I’ve fixed a number of coding errors for this exercise but cant seem to get around the NameError i keep getting regarding GlobalAveragePooling. The error message is below. Thanks for any help you may be able to provide.
in alpaca_model(image_shape, data_augmentation)
38 # use global avg pooling to summarize the info in each channel
39 nb_layers = len(base_model.layers)
—> 40 x = GlobalAveragePooling2D(x)
41 #include dropout with probability of 0.2 to avoid overfitting
42 x = tf.Keras.Droput(rate=0.2)(x)
NameError: name ‘GlobalAveragePooling2D’ is not defined
Thanks TMosh! I was indeed missing the prefix on both, however GlobalAvgPooling is still coming up as the source of my error. The error code is shown below.
in alpaca_model(image_shape, data_augmentation)

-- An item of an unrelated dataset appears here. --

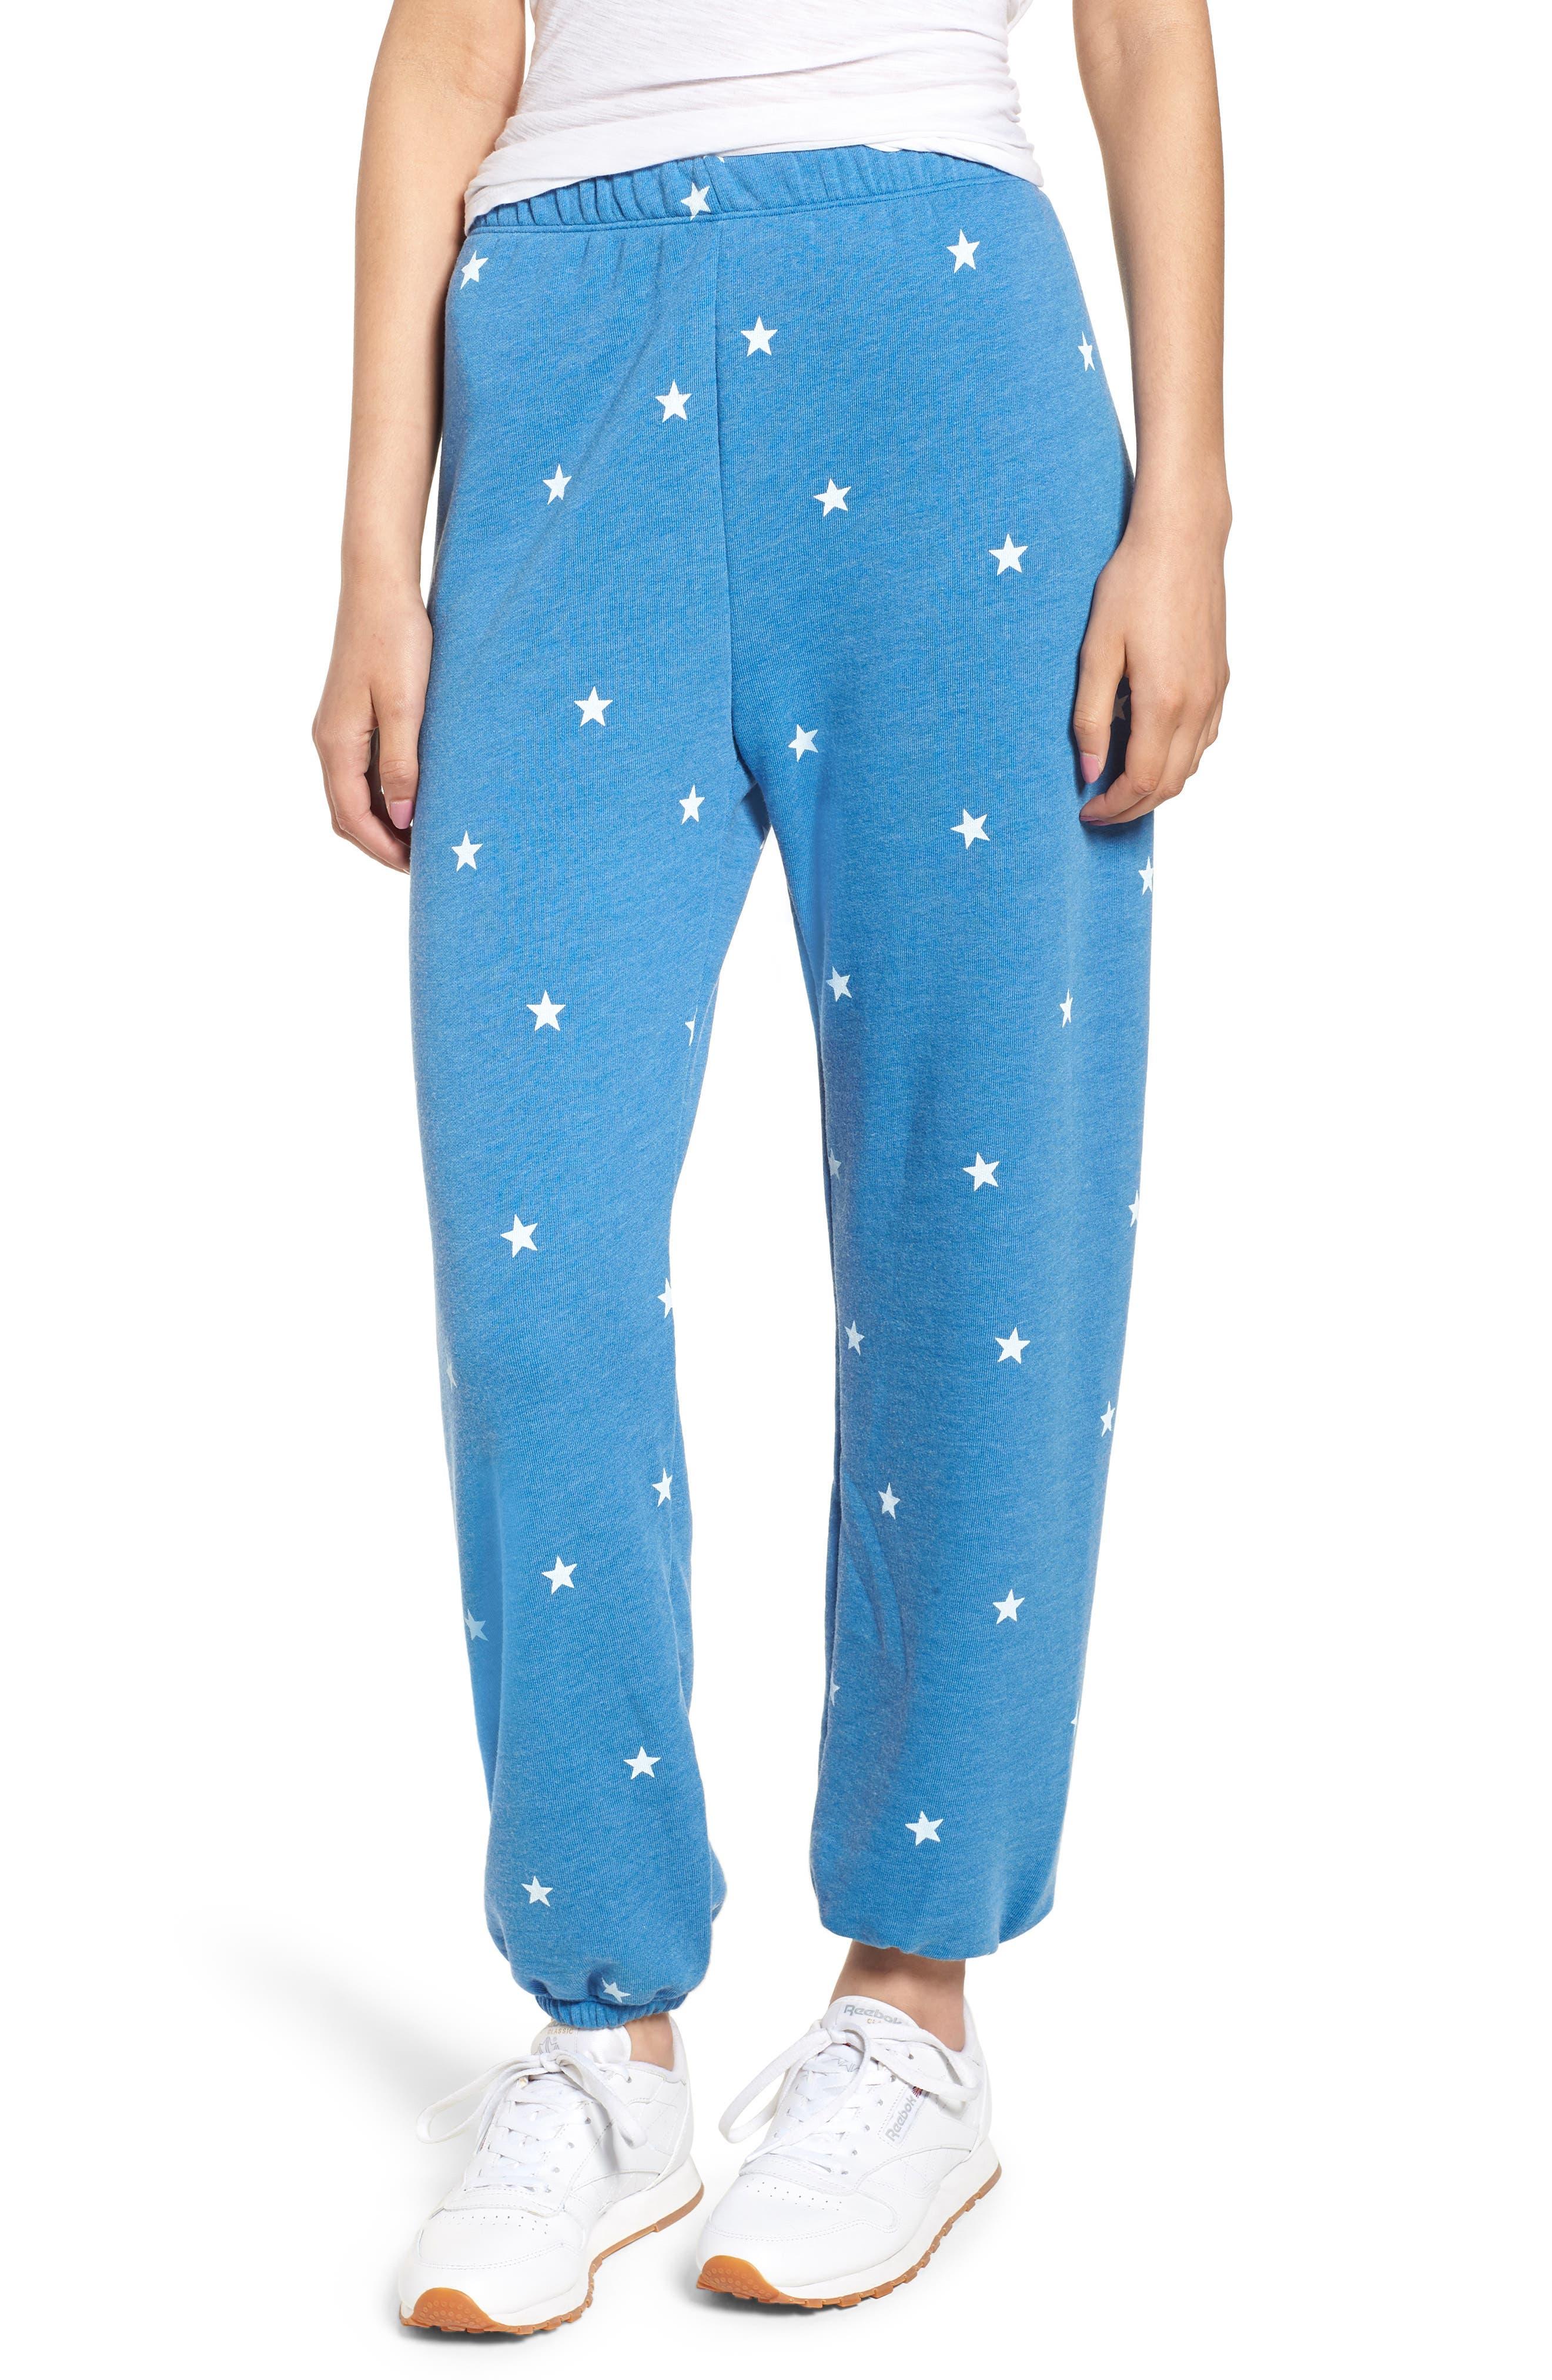 Football Star Easy Sweatpants,                         Main,                         color, 400

38 # use global avg pooling to summarize the info in each channel
39 nb_layers = len(base_model.layers)
—> 40 x = tfl.GlobalAveragePooling2D(x)
41 #include dropout with probability of 0.2 to avoid overfitting
42 x = tfl.Keras.Droput(rate=0.2)(x)
/opt/conda/lib/python3.7/site-packages/tensorflow/python/keras/utils/conv_utils.py in normalize_data_format(value)
190 if value is None:
191 value = backend.image_data_format()
→ 192 data_format = value.lower()
193 if data_format not in {‘channels_first’, ‘channels_last’}:
194 raise ValueError('The data_format argument must be one of ’
AttributeError: ‘Tensor’ object has no attribute ‘lower’
Great! Yes, there was a problem in how you invoked the GlobalPooling function. You need two steps: define the function and then invoke it. You only did one of those two steps.